We know that a Map is used to store key-value mappings. The objects used as keys must be unique and must correctly override the equals() and hashCode() methods.

If we only need to store unique keys without the need for a mapping value, we can use a Set.

A Set is used to store a collection of unique elements and primarily provides the following methods:

  • Adding an element to Set<E>: boolean add(E e)
  • Removing an element from Set<E>: boolean remove(Object e)
  • Checking if an element is contained: boolean contains(Object e)

Let’s look at some simple examples:

java
import java.util.*;

public class Main {
    public static void main(String[] args) {
        Set<String> set = new HashSet<>();
        System.out.println(set.add("abc")); // true
        System.out.println(set.add("xyz")); // true
        System.out.println(set.add("xyz")); // false, adding failed because the element already exists
        System.out.println(set.contains("xyz")); // true, the element exists
        System.out.println(set.contains("XYZ")); // false, the element does not exist
        System.out.println(set.remove("hello")); // false, removal failed because the element does not exist
        System.out.println(set.size()); // 2, there are two elements in total
    }
}

In fact, a Set is equivalent to a Map that only stores keys and does not store values. We often use a Set to remove duplicate elements.

Since the elements placed in a Set are similar to the keys in a Map, they must correctly implement the equals() and hashCode() methods; otherwise, the element cannot be correctly placed in the Set.
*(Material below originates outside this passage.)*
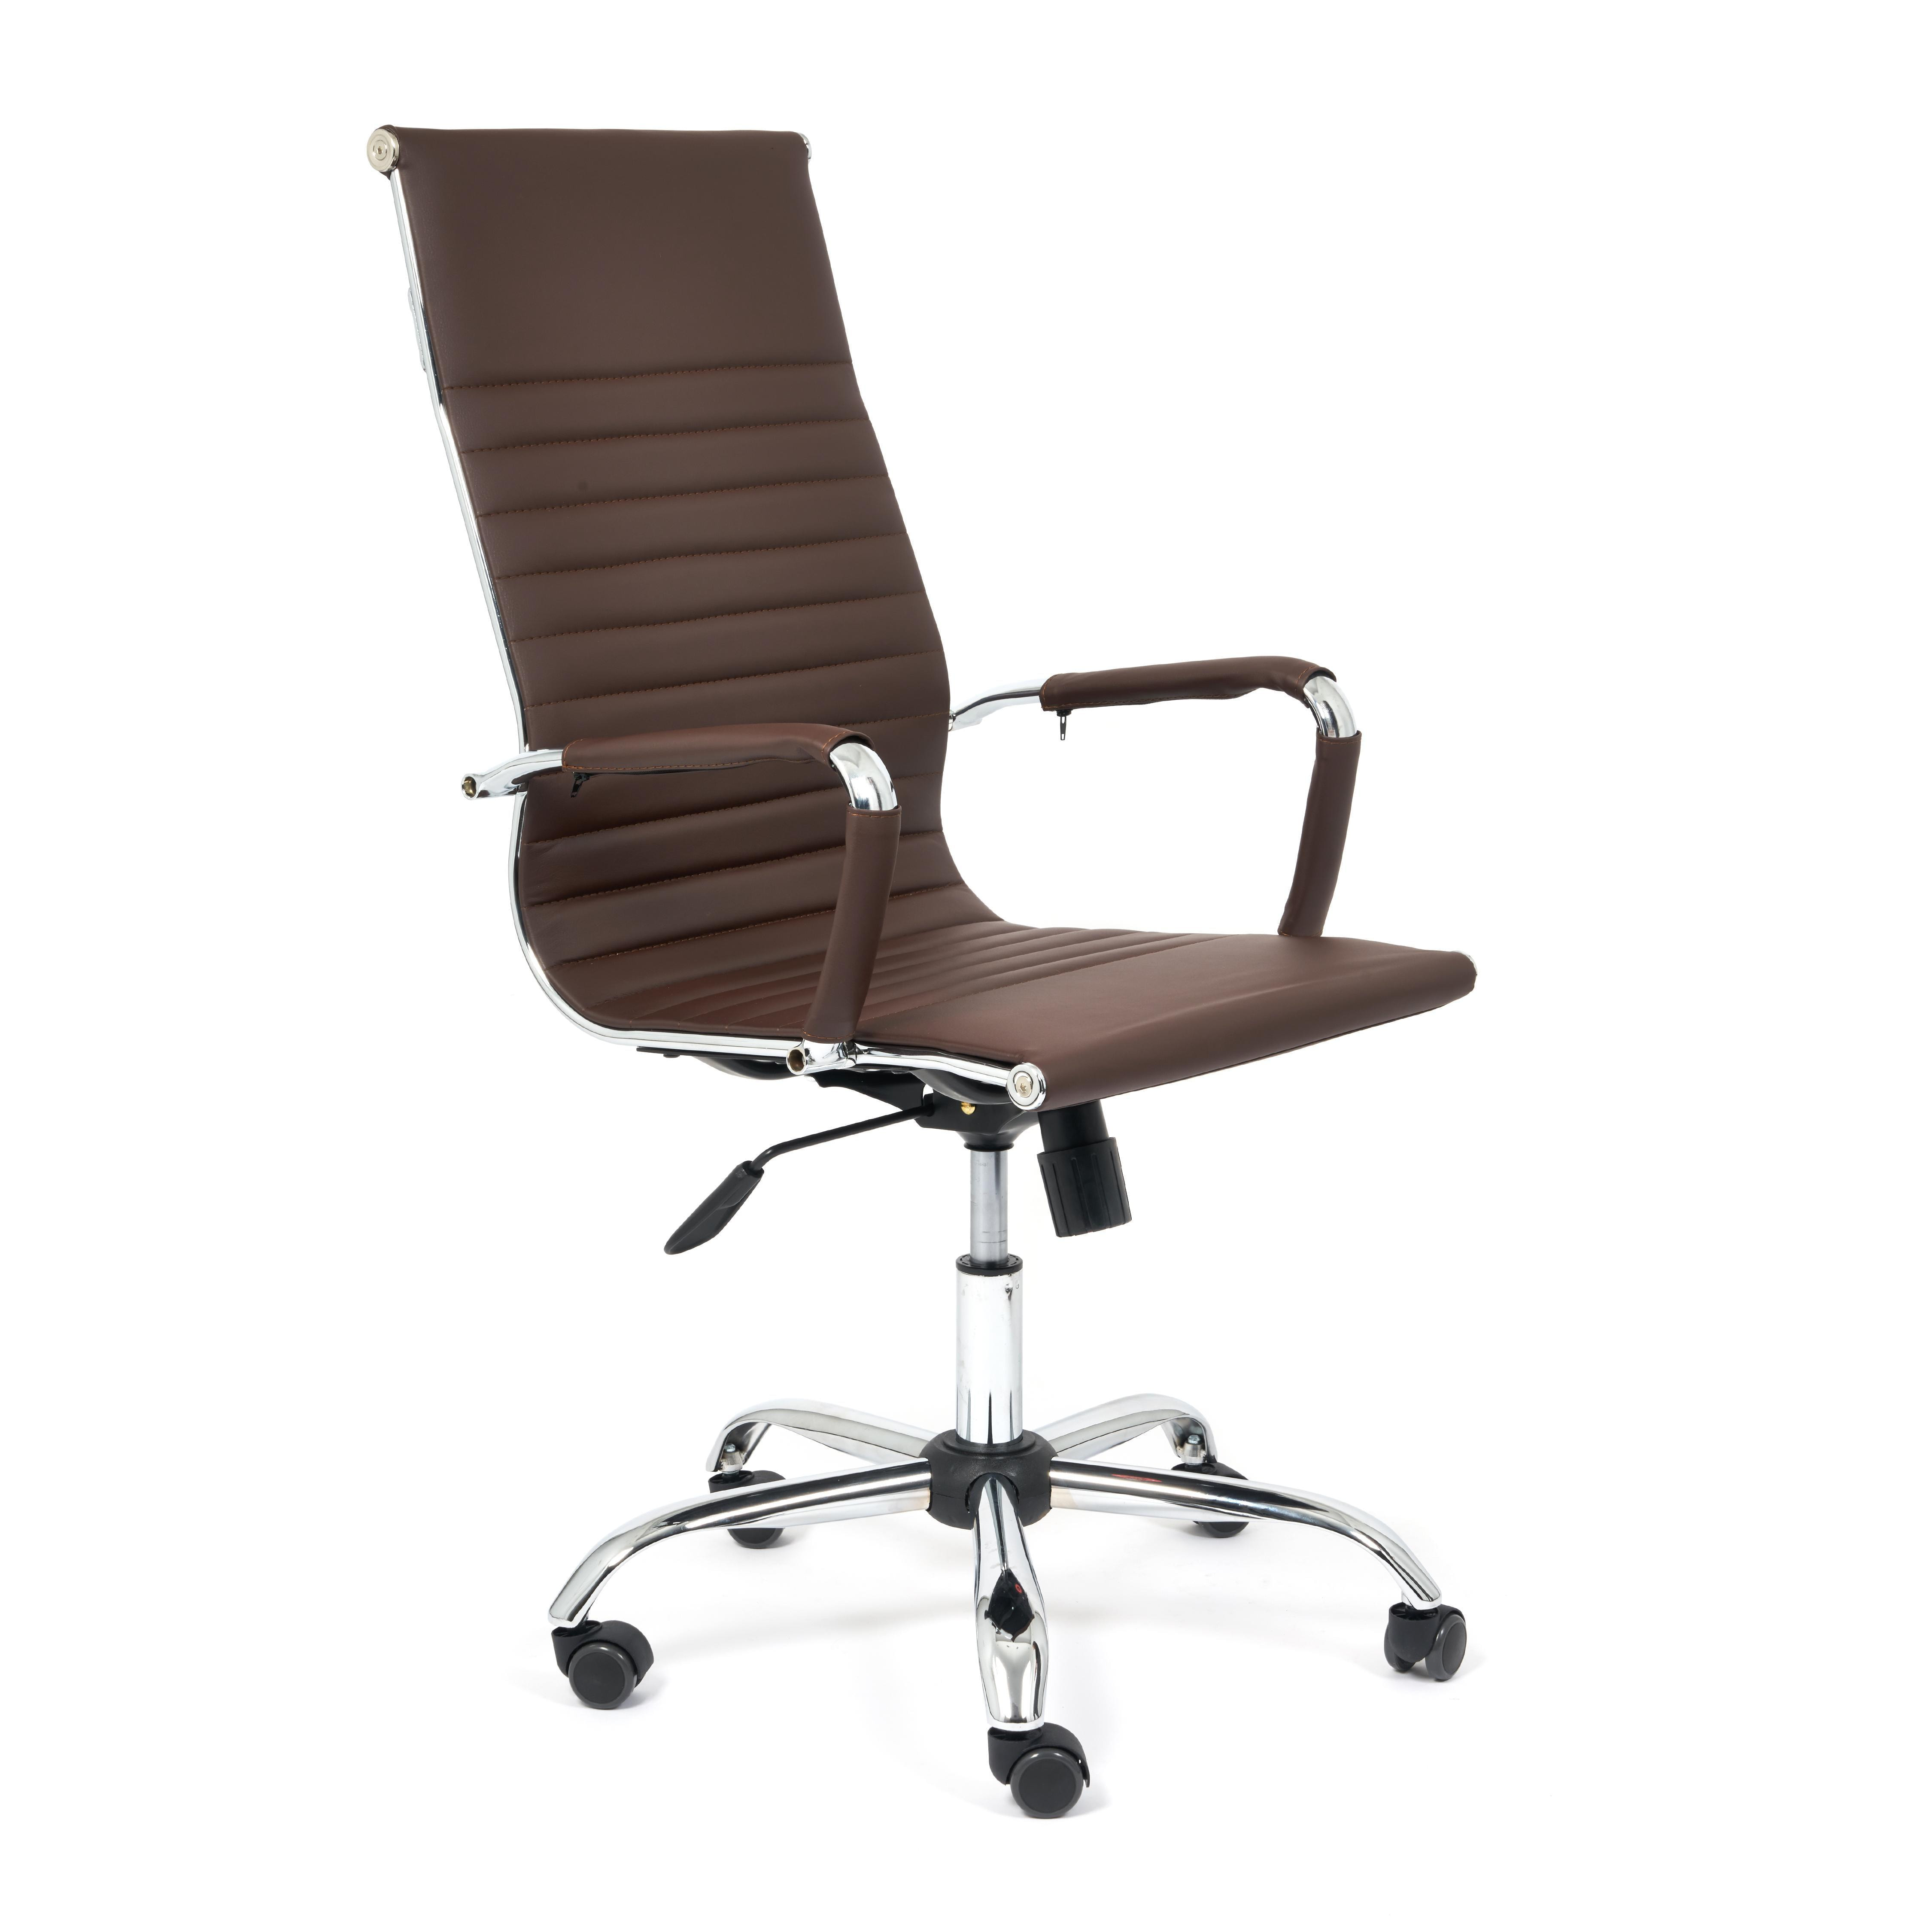 Офисное кресло с подлокотниками на металлокаркасе, обивка кож. зам коричневого цвета

The most commonly used implementation class of Set is HashSet. In fact, HashSet is simply a straightforward wrapper around HashMap, and its core code is as follows:

java
public class HashSet<E> implements Set<E> {
    // Holds a HashMap:
    private HashMap<E, Object> map = new HashMap<>();

    // Value to put in HashMap:
    private static final Object PRESENT = new Object();

    public boolean add(E e) {
        return map.put(e, PRESENT) == null;
    }

    public boolean contains(Object o) {
        return map.containsKey(o);
    }

    public boolean remove(Object o) {
        return map.remove(o) == PRESENT;
    }
}

The Set interface does not guarantee order, whereas the SortedSet interface guarantees that elements are ordered:

  • HashSet is unordered because it implements the Set interface but does not implement the SortedSet interface.
  • TreeSet is ordered because it implements the SortedSet interface.
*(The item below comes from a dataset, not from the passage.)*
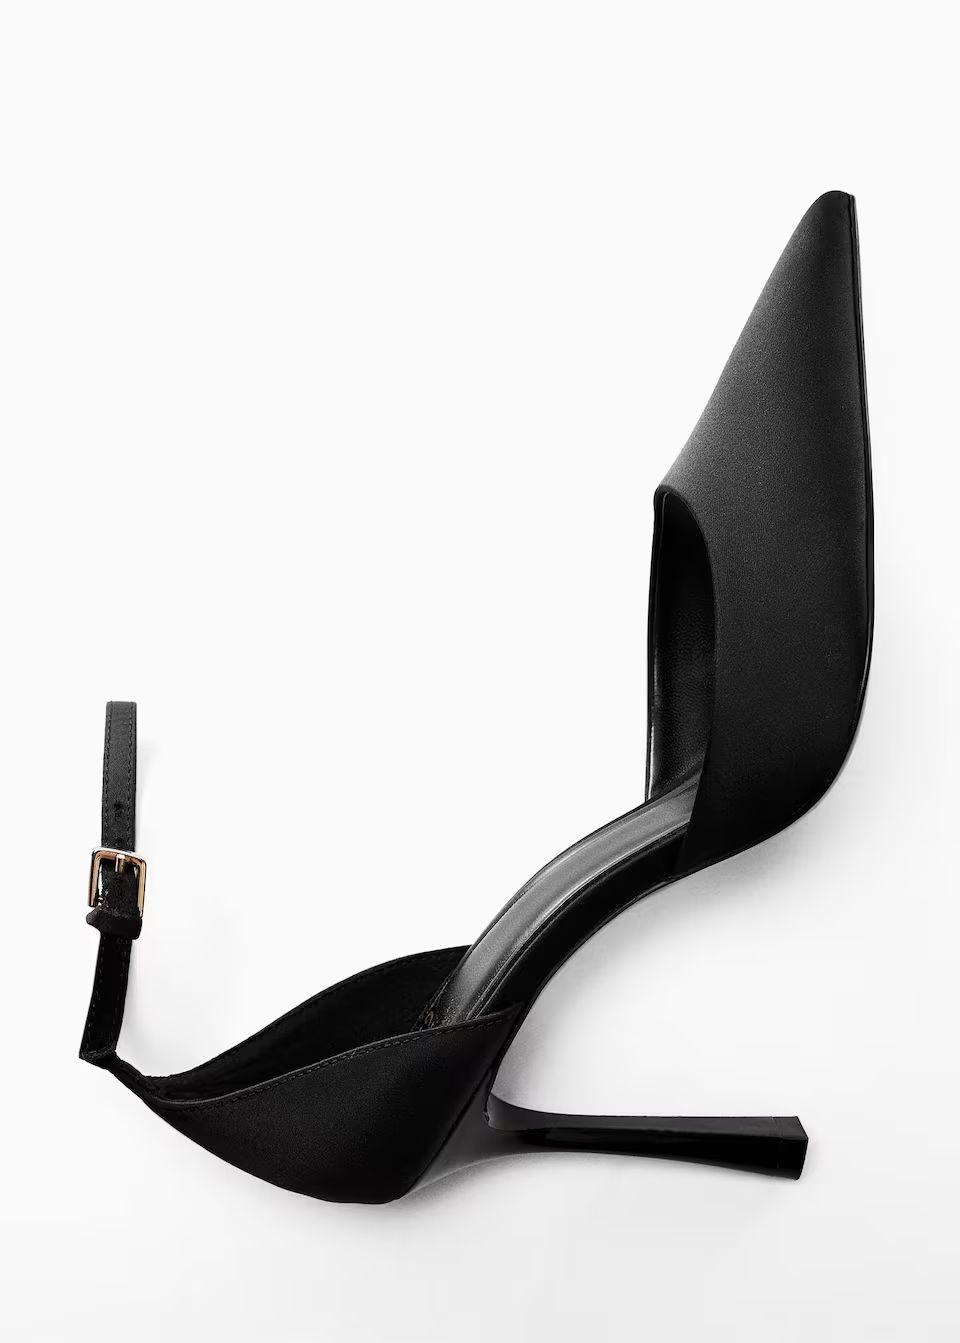 Recherche: Chaussures noir (89) | Mango France | MANGO (FR)

Here’s a diagram to illustrate:

       ┌───┐
       │Set│
       └───┘

    ┌────┴─────┐
    │          │
┌───────┐ ┌─────────┐
│HashSet│ │SortedSet│
└───────┘ └─────────┘


          ┌─────────┐
          │ TreeSet │
          └─────────┘

Now let’s look at the output of HashSet:

java
import java.util.*;

public class Main {
    public static void main(String[] args) {
        Set<String> set = new HashSet<>();
        set.add("apple");
        set.add("banana");
        set.add("pear");
        set.add("orange");
        for (String s : set) {
            System.out.println(s);
        }
    }
}

Note that the output order is neither the order of addition nor the sorted order of the String. In different versions of the JDK, this order may also vary.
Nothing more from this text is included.